Economics Mcqs
The average variable cost curve ?

A. Is derived from the average fixed costs
B. Converges with the average cost as output increases
C. Equals the total costs divided by the output
D. Equals revenue minus profits

Total increases from Rs500 to Rs600 when output increases from 20 to 30 units. Fixed costs are Rs200 Which of the following is true ?

A. Marginal cost is rs20
B. Average cost falls
C. Variable cost rises by rs100
D. Average fixed cost is rs10

If marginal product is below average product ?

A. The total product will fall
B. The average product will fall
C. Average variable cost will fall
D. Total revenue will fall

If the price is less than the average costs but higher than the average variable costs ?

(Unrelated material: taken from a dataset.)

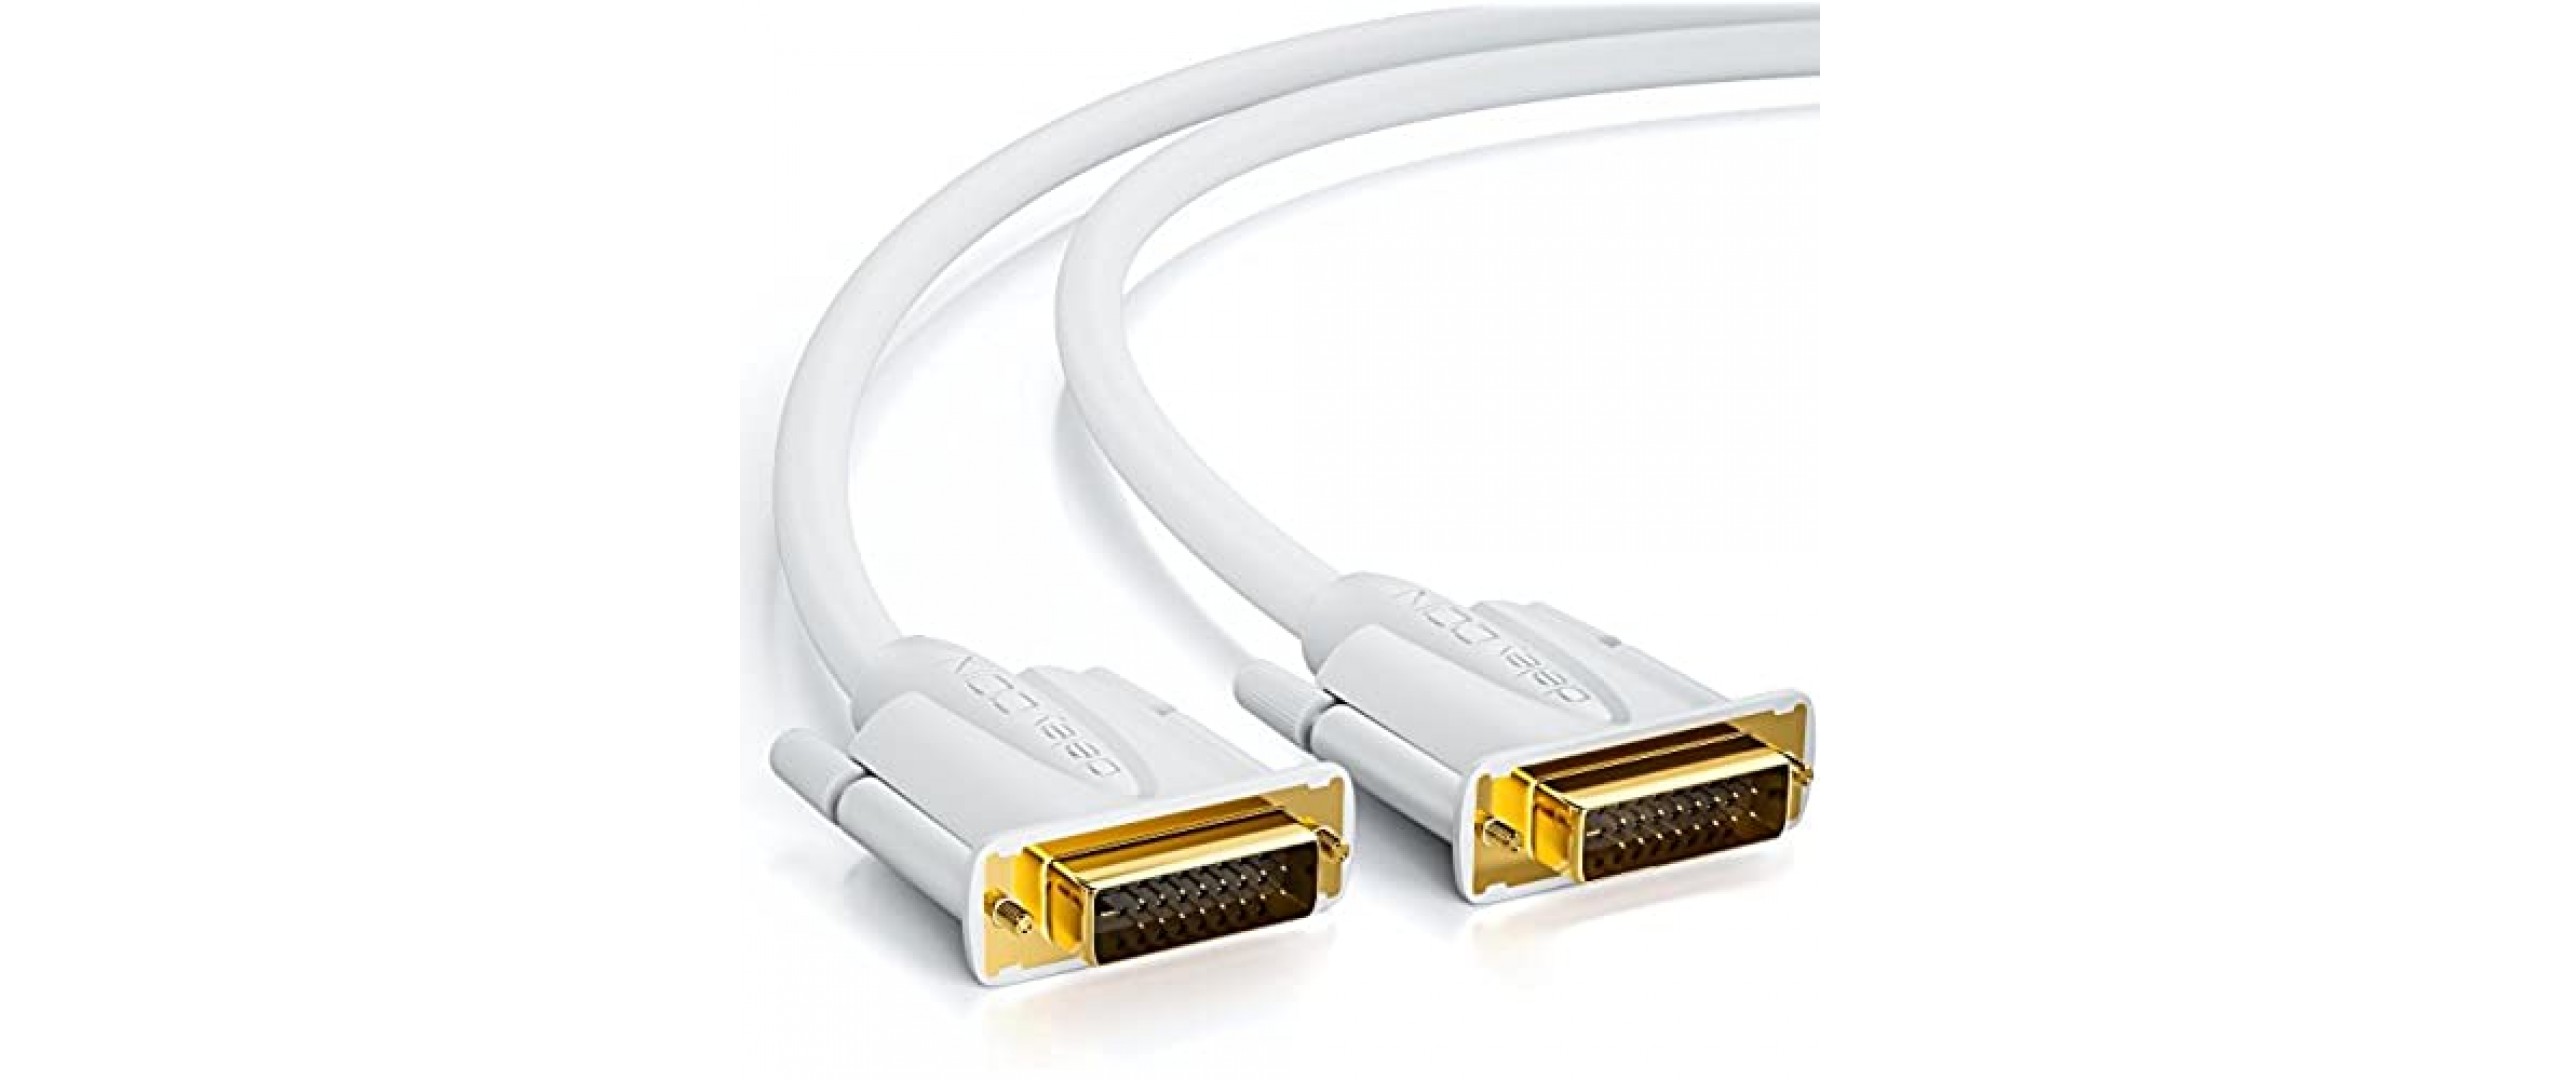 deleyCON 1m DVI Kabel Dual Link 24+1 HDTV Auflösungen bis 2560x1080 Full HD 1080p 3D Ready DVI-D Dual Link vergoldete Kontakte - Weiß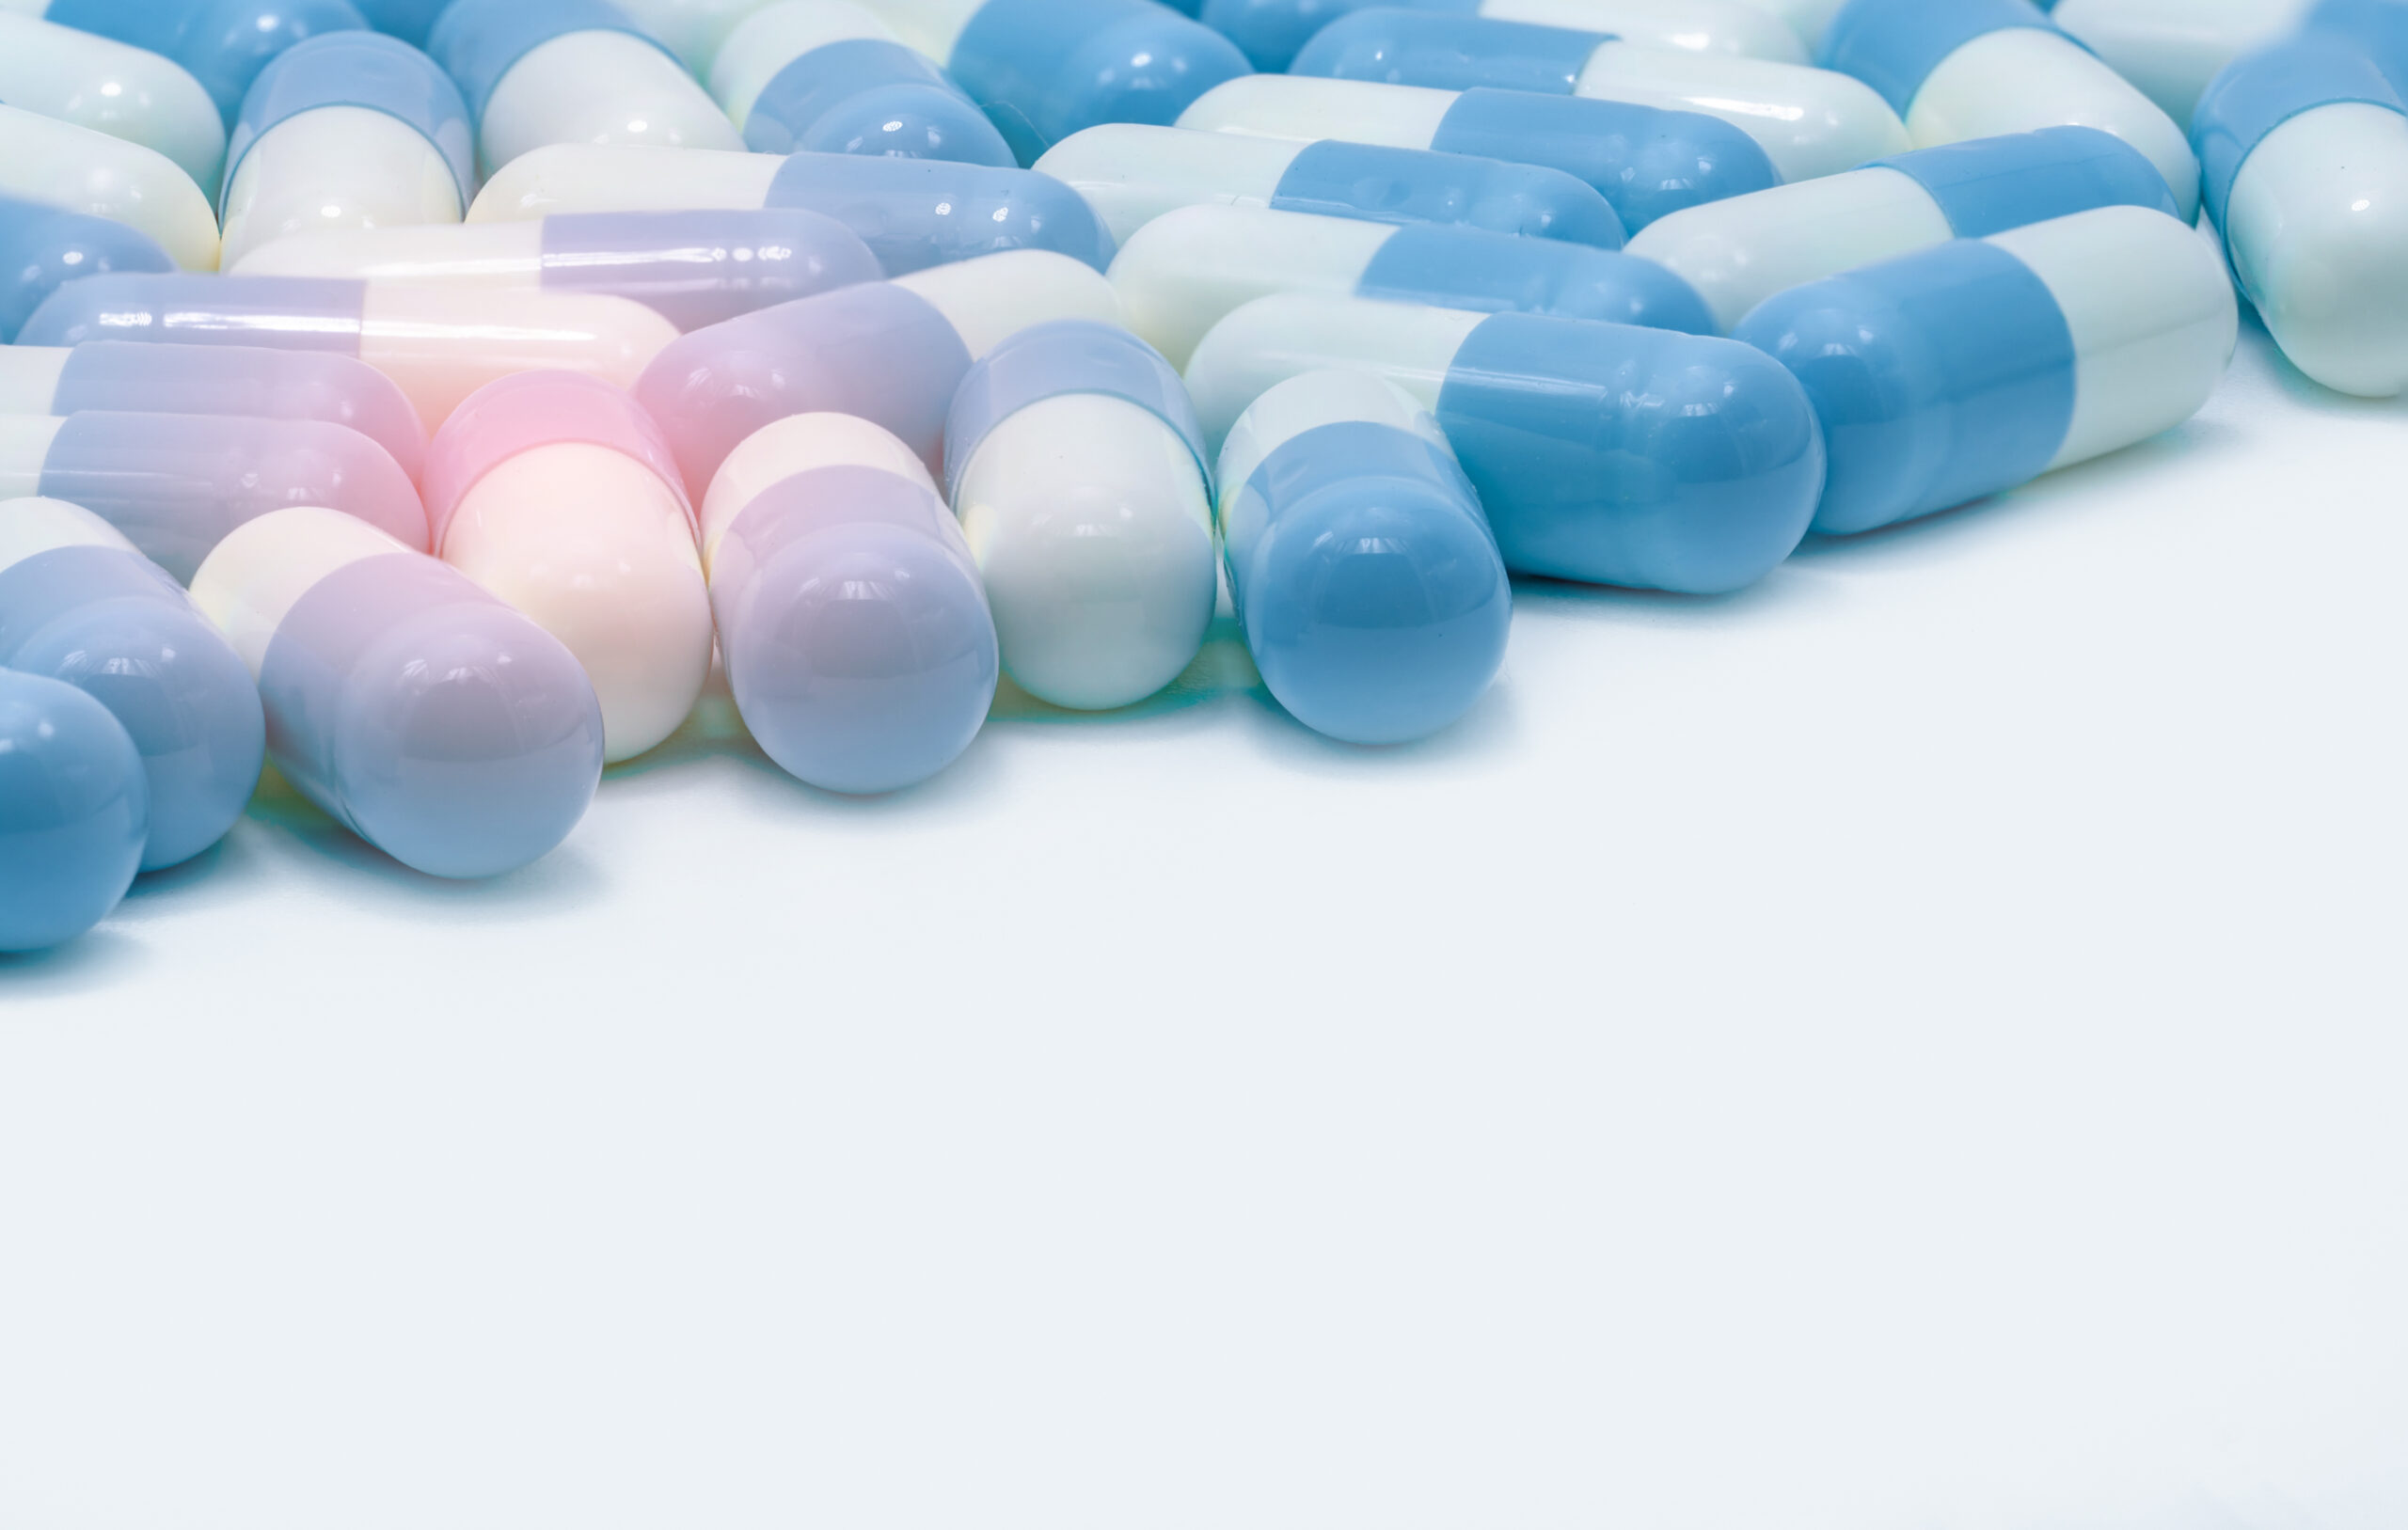 Na czystym białym tle rozlokowane są niebieskie tabletki wykorzystywane w medycynie naturalnej. Ich jasny odcień odzwierciedla czystość i naturalność, podkreślając ich związek z holistycznym podejściem do zdrowia i dobrostanu.

A. The firm is making a loss and will shutdown in the short term
B. The firm is making a profile
C. The firm is making a loss but will continue to produce in the short term
D. The firm is making a loss and is making a negative contribution to fixed costs

In the long term a firm will produce provided the revenue covers ?

A. Fixed costs
B. Variable costs
C. Total costs
D. Revenue

The profit per sale is a measure of ?

A. Profit
B. Profitability
C. Feasibility
D. Realism

Total revenue equals ?

A. Price plus quantity
B. Price multiplier by quantity sold
C. Price divided by the quantity sold
D. Price minus quantity sold

The resources in the economy do not include ?

A. Demand
B. Land
C. Labour
D. Capital

Any combination of products inside the production possibility frontier is ?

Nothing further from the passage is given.